Hello, thanks for admitting me to the discussion forum.
I would like to ask a question about my methodology in a study I am conducting, where I have a corpus made from reading comprehension examination questions. I have 'cleaned' the text (removing questions in the examinations that were not overtly testing expository text comprehension), converted the files from doc to UTF8 plain text, and split the files up according to the year in which the text was used and the subject. I created my corpus from these files (200 or so) and now am ready to start an analysis.
I want to see how derivational nominalisation has trended over time and whether or not the frequency of this kind of nominalisation is reflected in more general corpora (or the 'academic' sub-corpus in COCA).
To search for the nominalisations I was planning on using a selection of productive nominalising derivational suffixes (-ion, -ment, -ity, etc), then running an advanced search in the 'word' tab.

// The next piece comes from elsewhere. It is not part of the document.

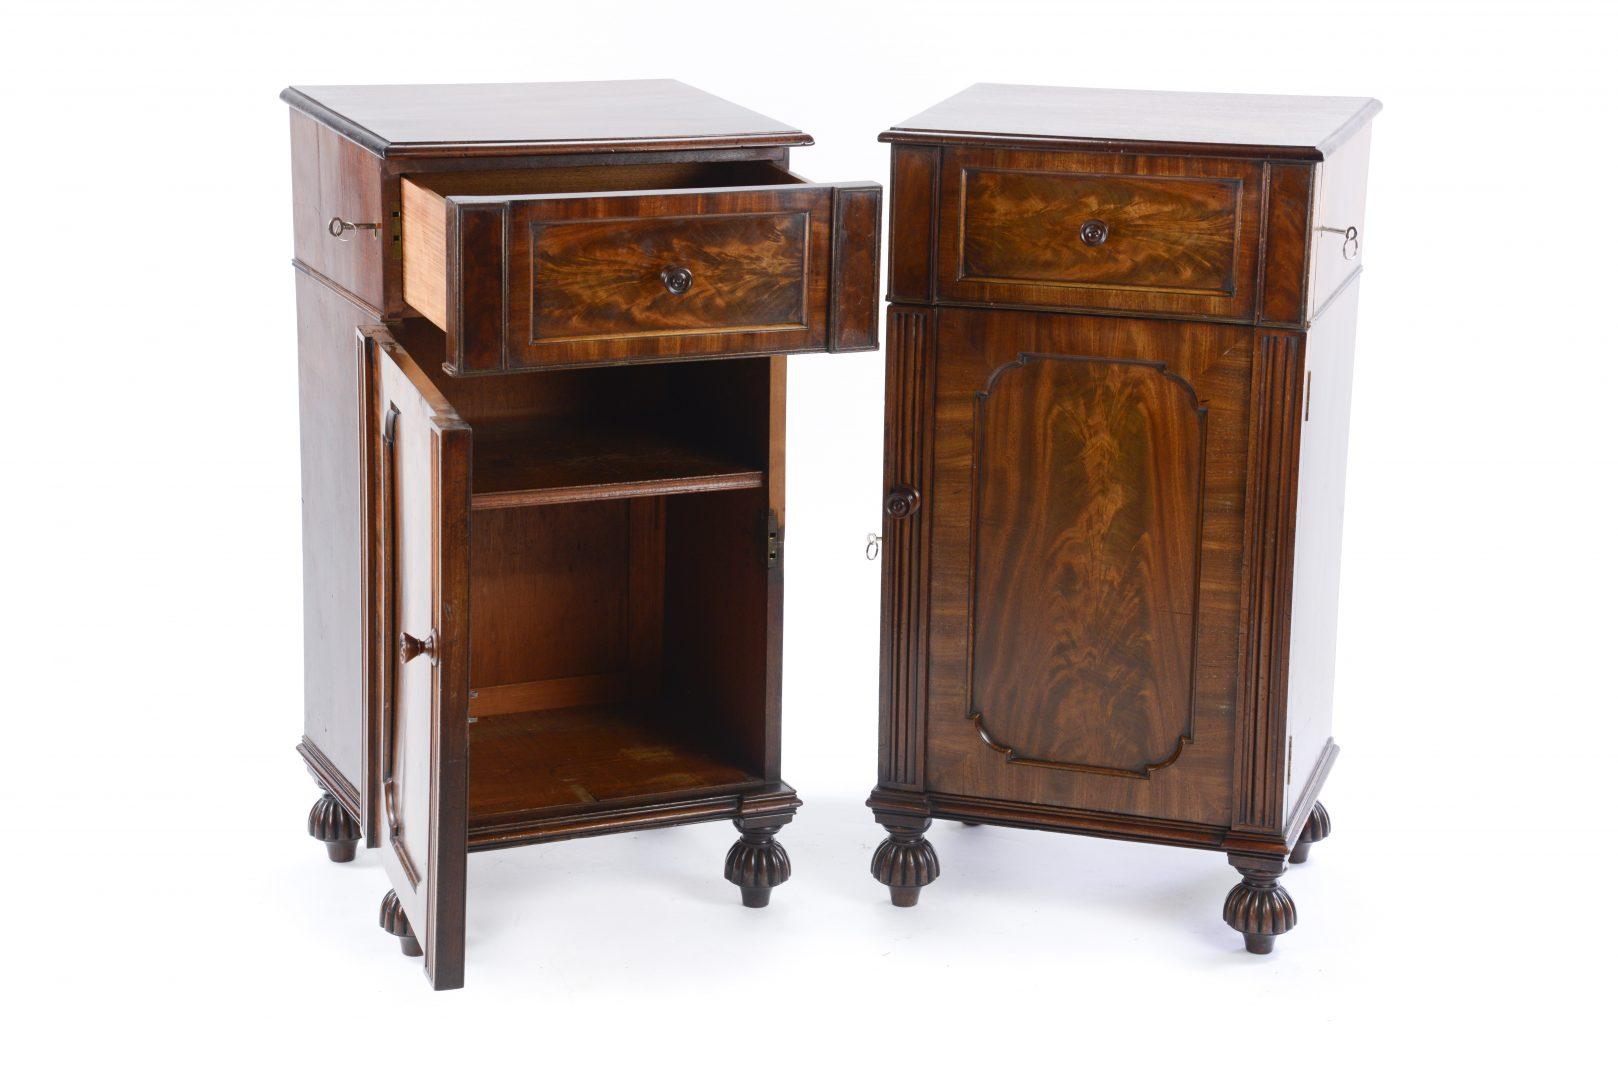 British Pair of William IV Mahogany Pedestal Cupboards in the Manner of Gillows
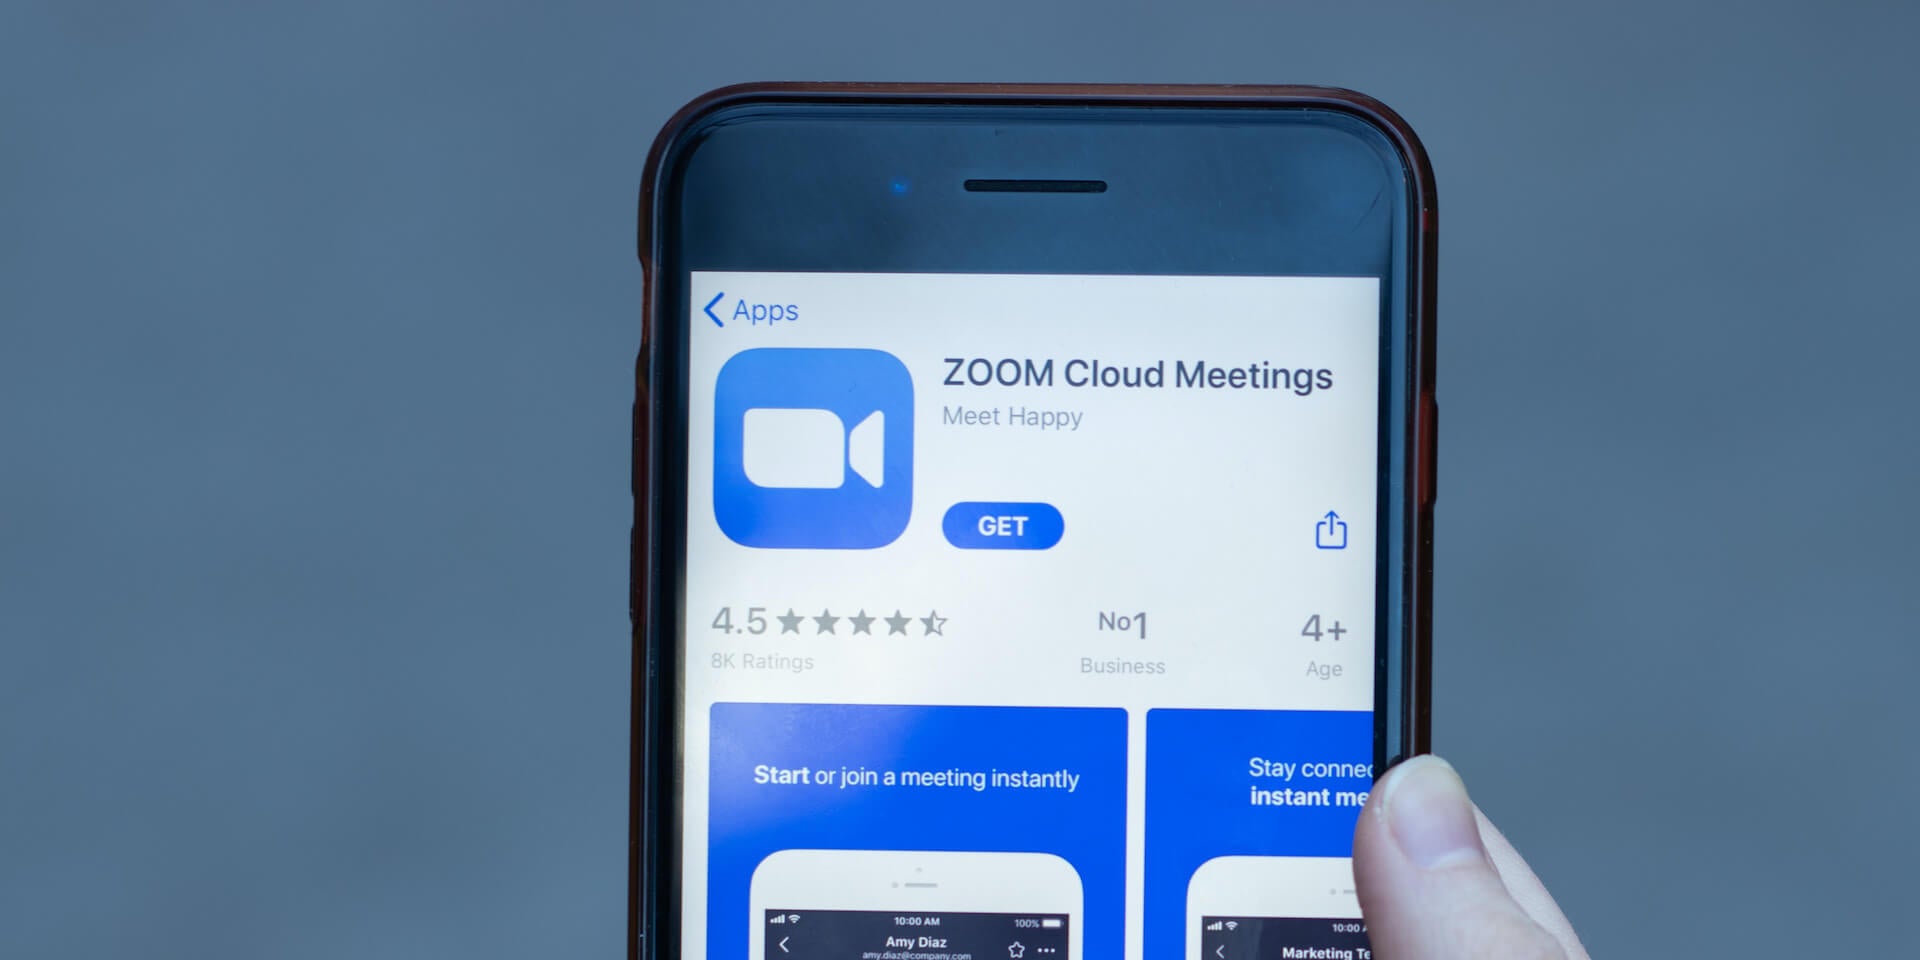 How To Refresh Your Zoom Application On Ipad, iPhone, And Android Telephones And Tablets?

I add my wildcard+suffixes to the search query list so it looks something like this:
*ty
*ties
*ance
*ances
*tion
*tions
*ence
*ences
*ency
*encies
This is only a small sample of the list I was intending to use, but as you can imagine, the list of hits I get is very large and there are a great deal of results that are not examples of derivational nominalisation (nation, cities, majority, etc).
I am very much a novice with corpora and Antconc and there might be a neater way to go about this. I was considering running my data through the CLAWS tagging facility, so that I could at least limit my search to return nouns only (although many of these would, still, not be the right 'kind' of noun). Is this feasible? Alternatively I could order the results by frequency and go through them one by one until I have a set of, say, 50 derived nouns. This would allow me to confirm which suffixes are most productive and would give me a word list that I could then use against a reference corpus. The larger the list of derived nominalisations I can generate, the more valid I think any conclusions I could draw from my analysis, but I don't have all that much time to pick my way through it all.
I am not even sure if looking for the most frequent nominalisations is the right way for me go anyway, because these tokens are more likely to be familiar to second language learners and I am interested in how nominalisations in academic texts make comprehension more challenging.
Sorry for the long post and thanks for reading. If anyone has any suggestions or tips for me, I would really appreciate it.
James